DATA

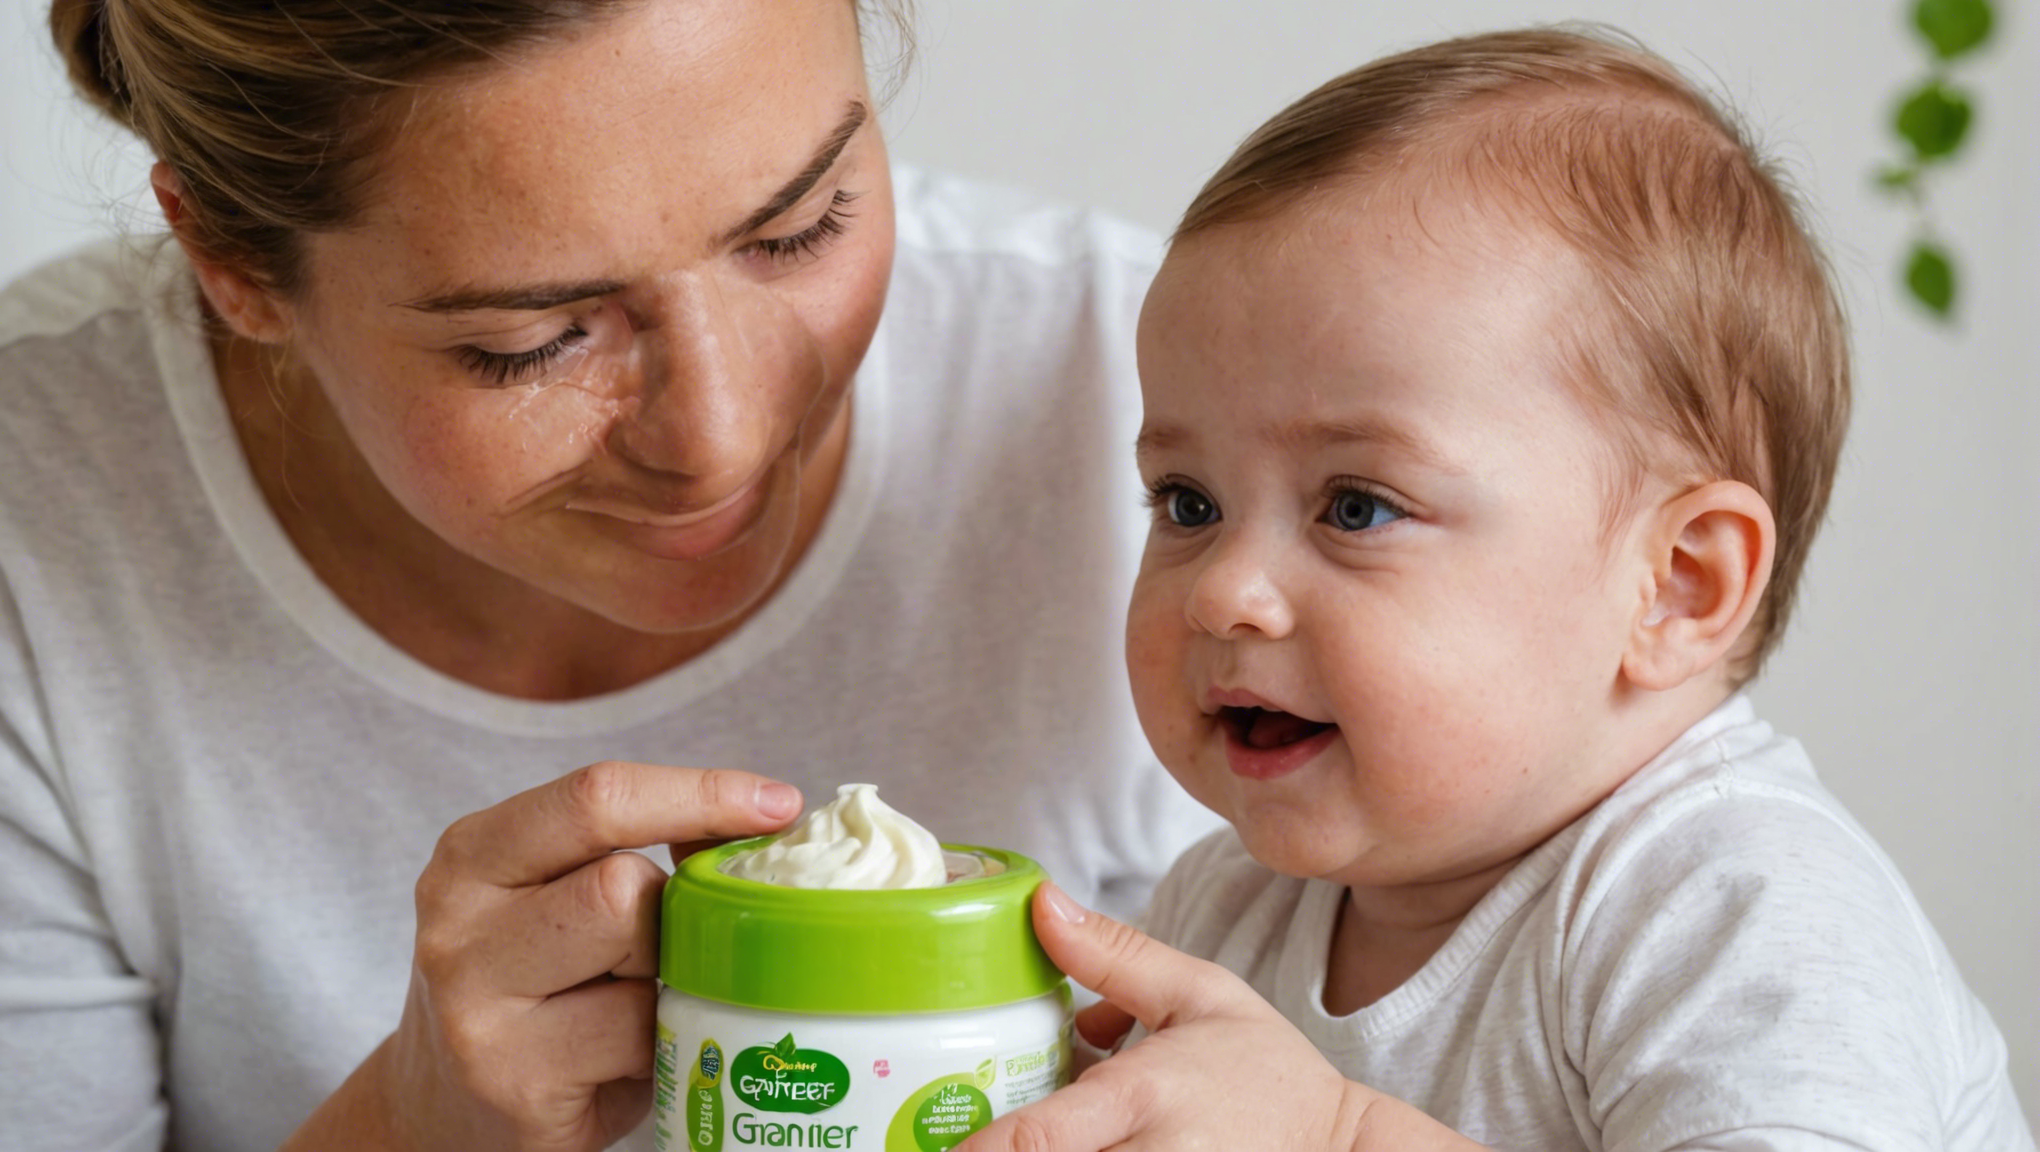 découvrez nos conseils pour bien choisir la crème garnier pour bébé et prendre soin de sa peau délicate. trouvez la crème adaptée à ses besoins et sa sensibilité grâce à nos recommandations.
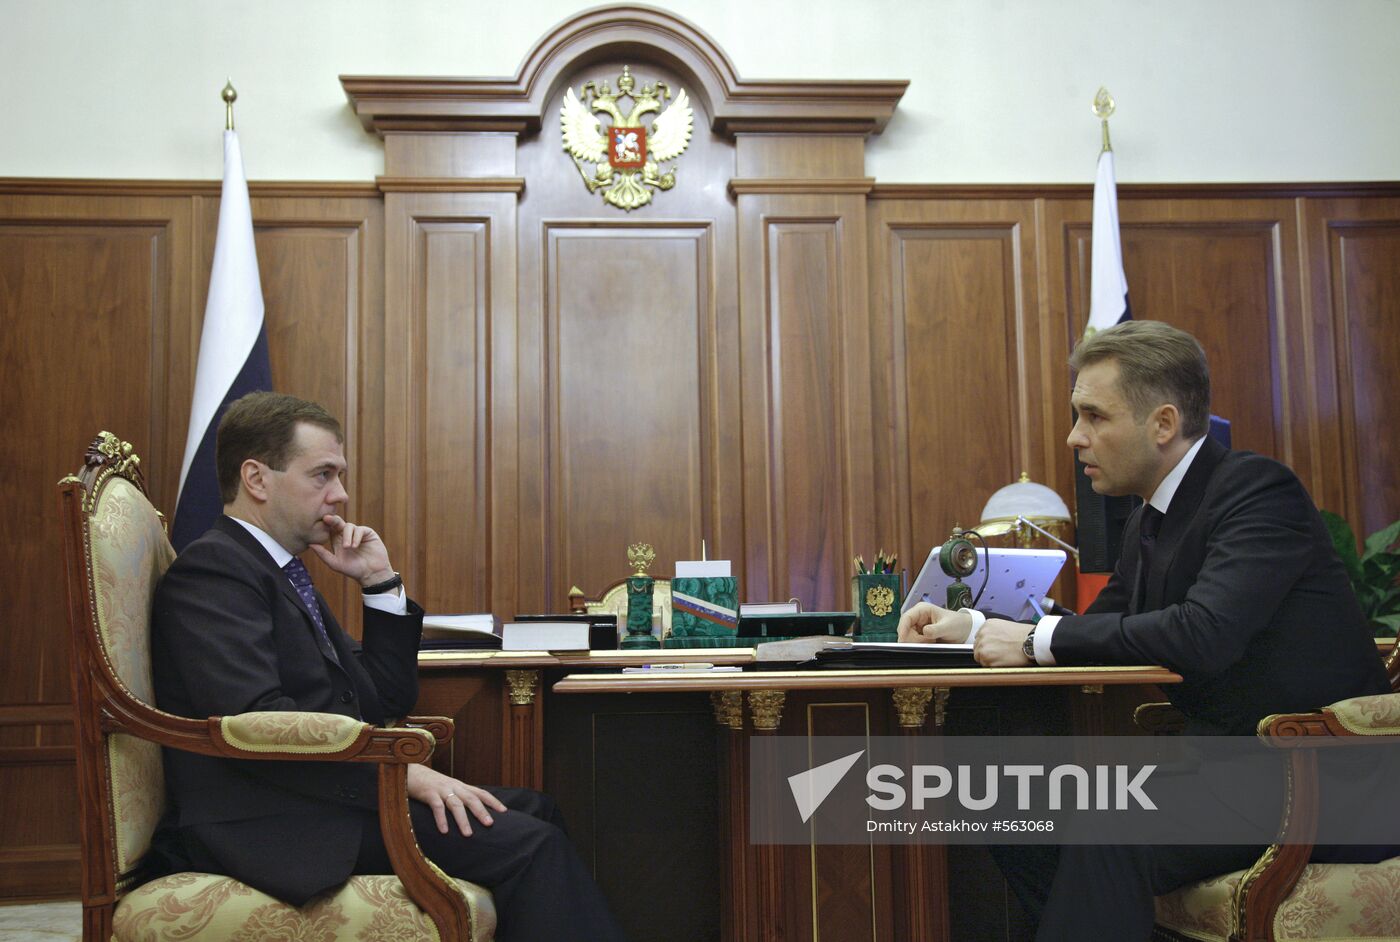 Dmitry Medvedev and Pavel Astakhov
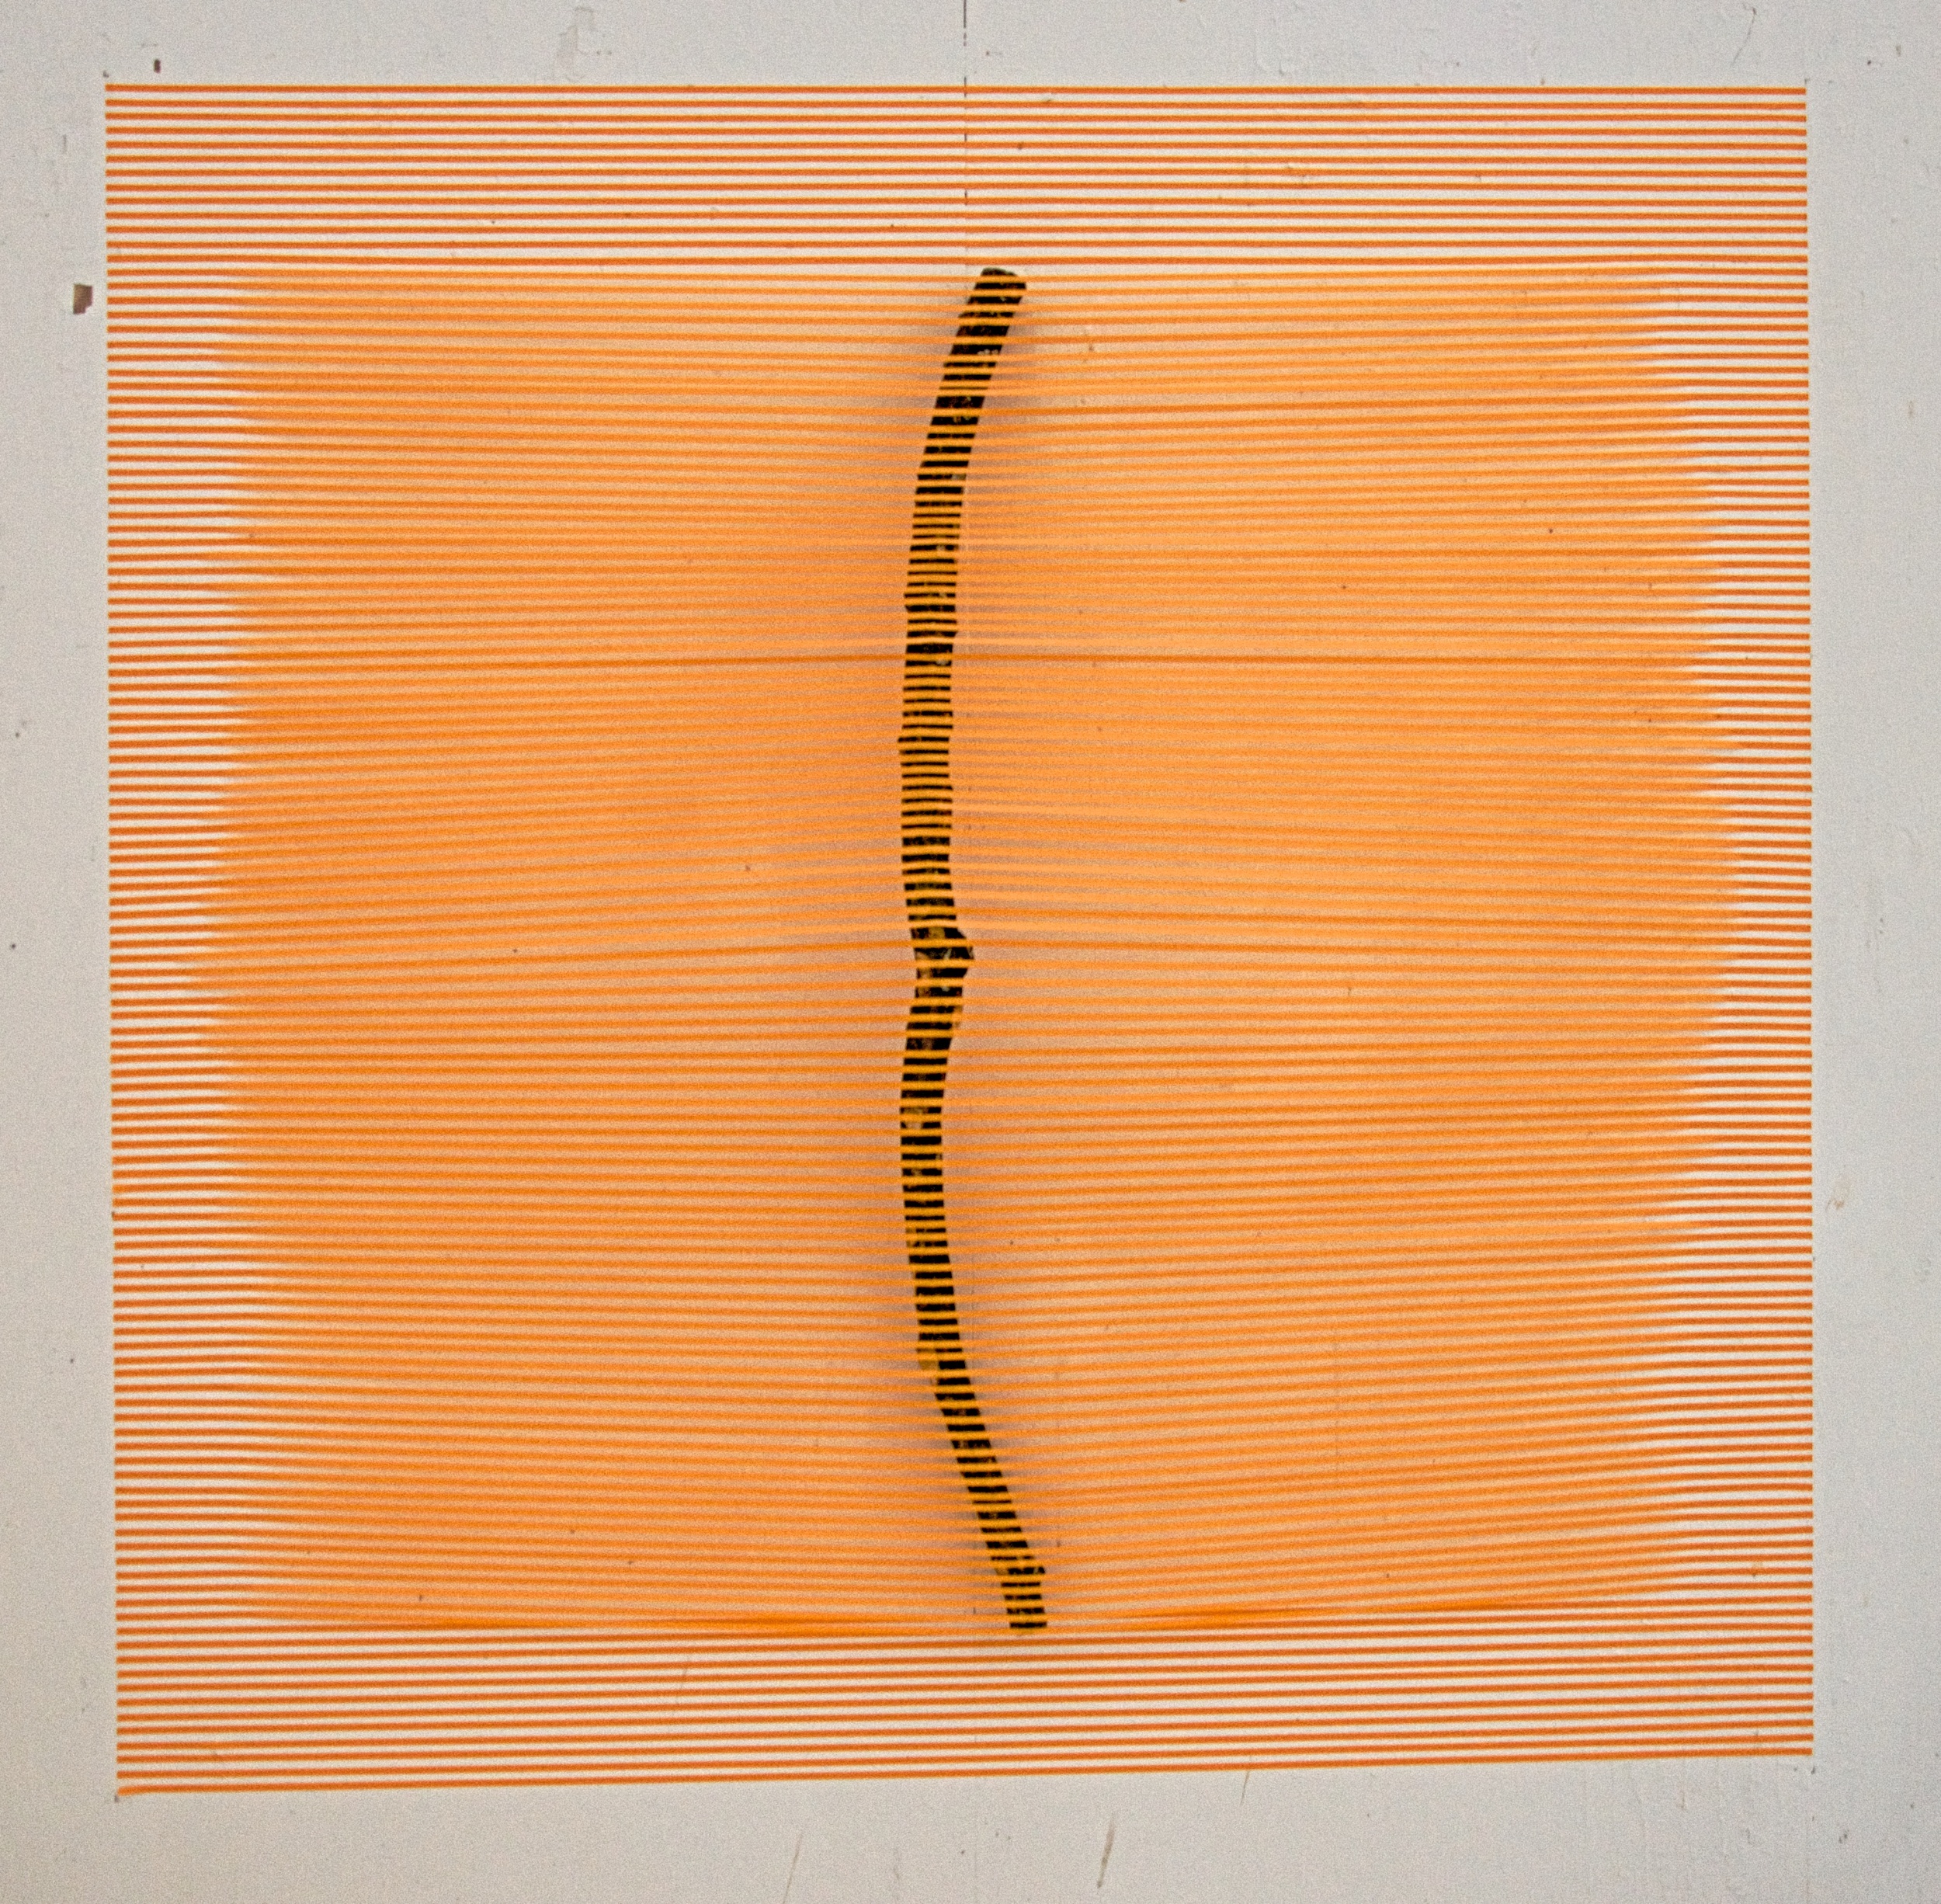   Orange Stick   2015  paper tape and stick  60" x 60" 
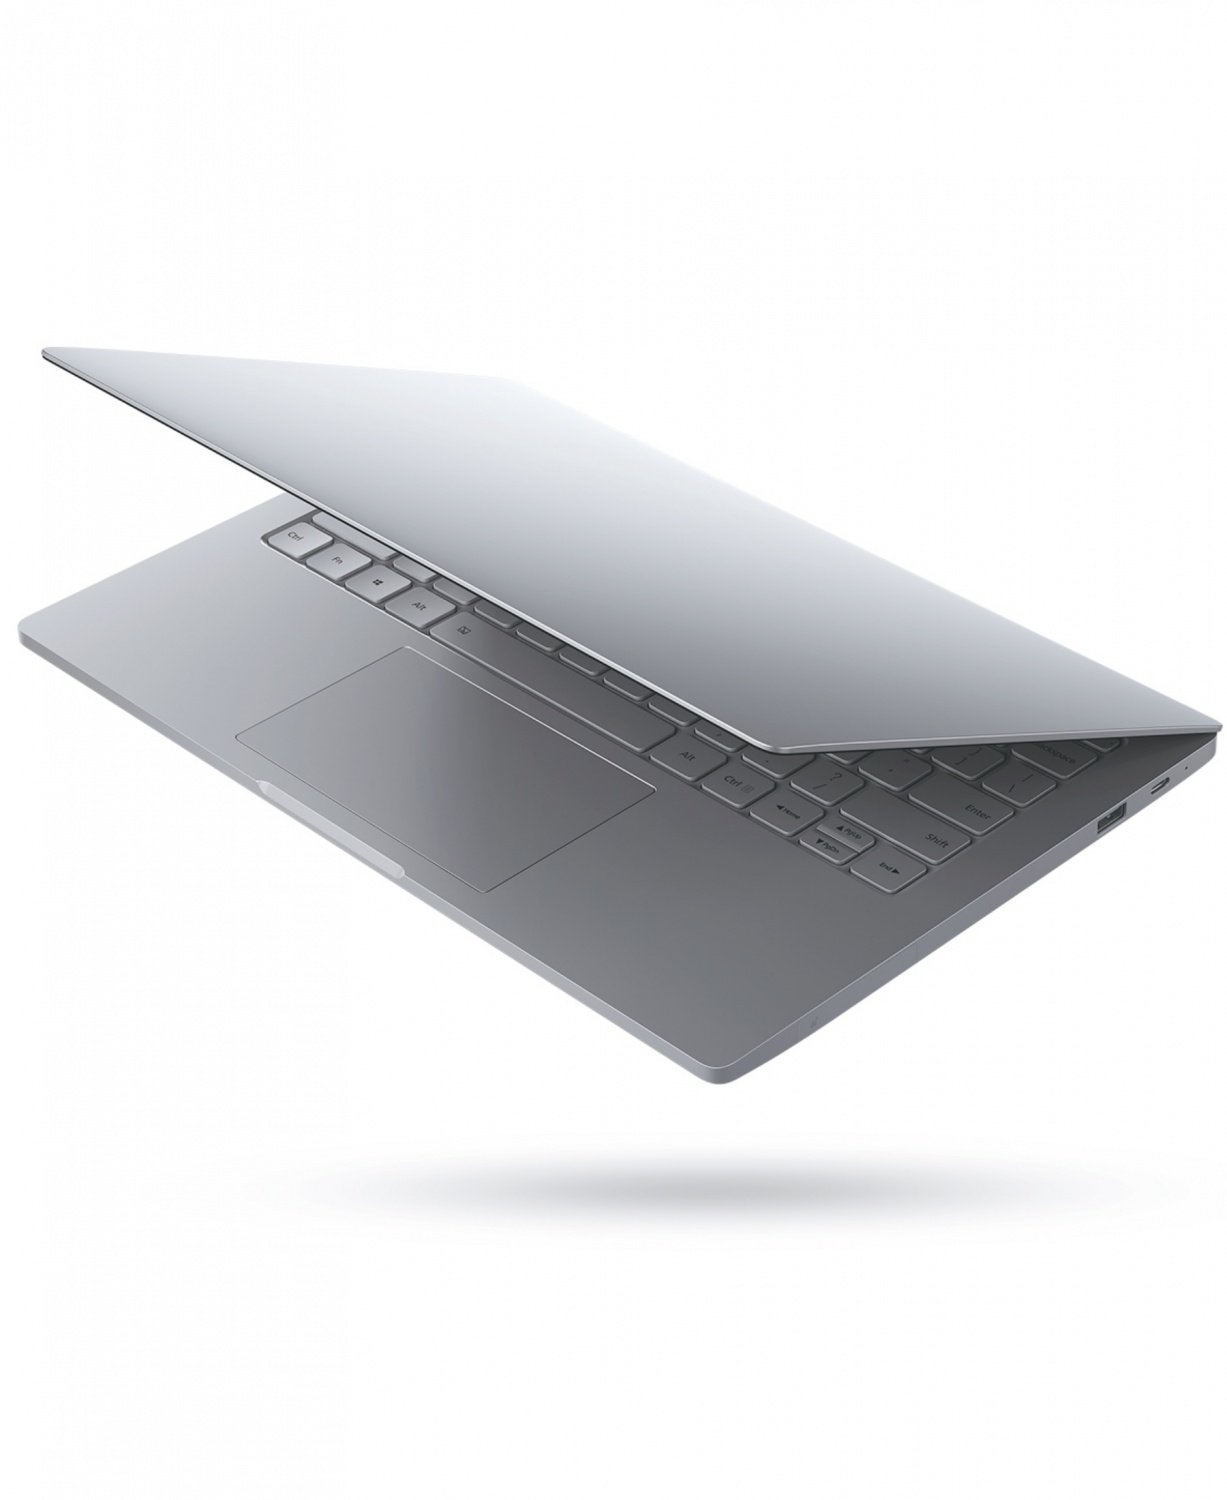 Ноутбук Xiaomi Mi Notebook Air 13 3 Купить

TASK TO CARRY OUT
Give back exactly the lines from the one containing "Dmitry Medvedev and Pavel Astakhov" through the last line above, both included, and none of the pictures.

SOLUTION FOR THIS EXERCISE
 Dmitry Medvedev and Pavel Astakhov
   Orange Stick   2015  paper tape and stick  60" x 60" 
 Ноутбук Xiaomi Mi Notebook Air 13 3 Купить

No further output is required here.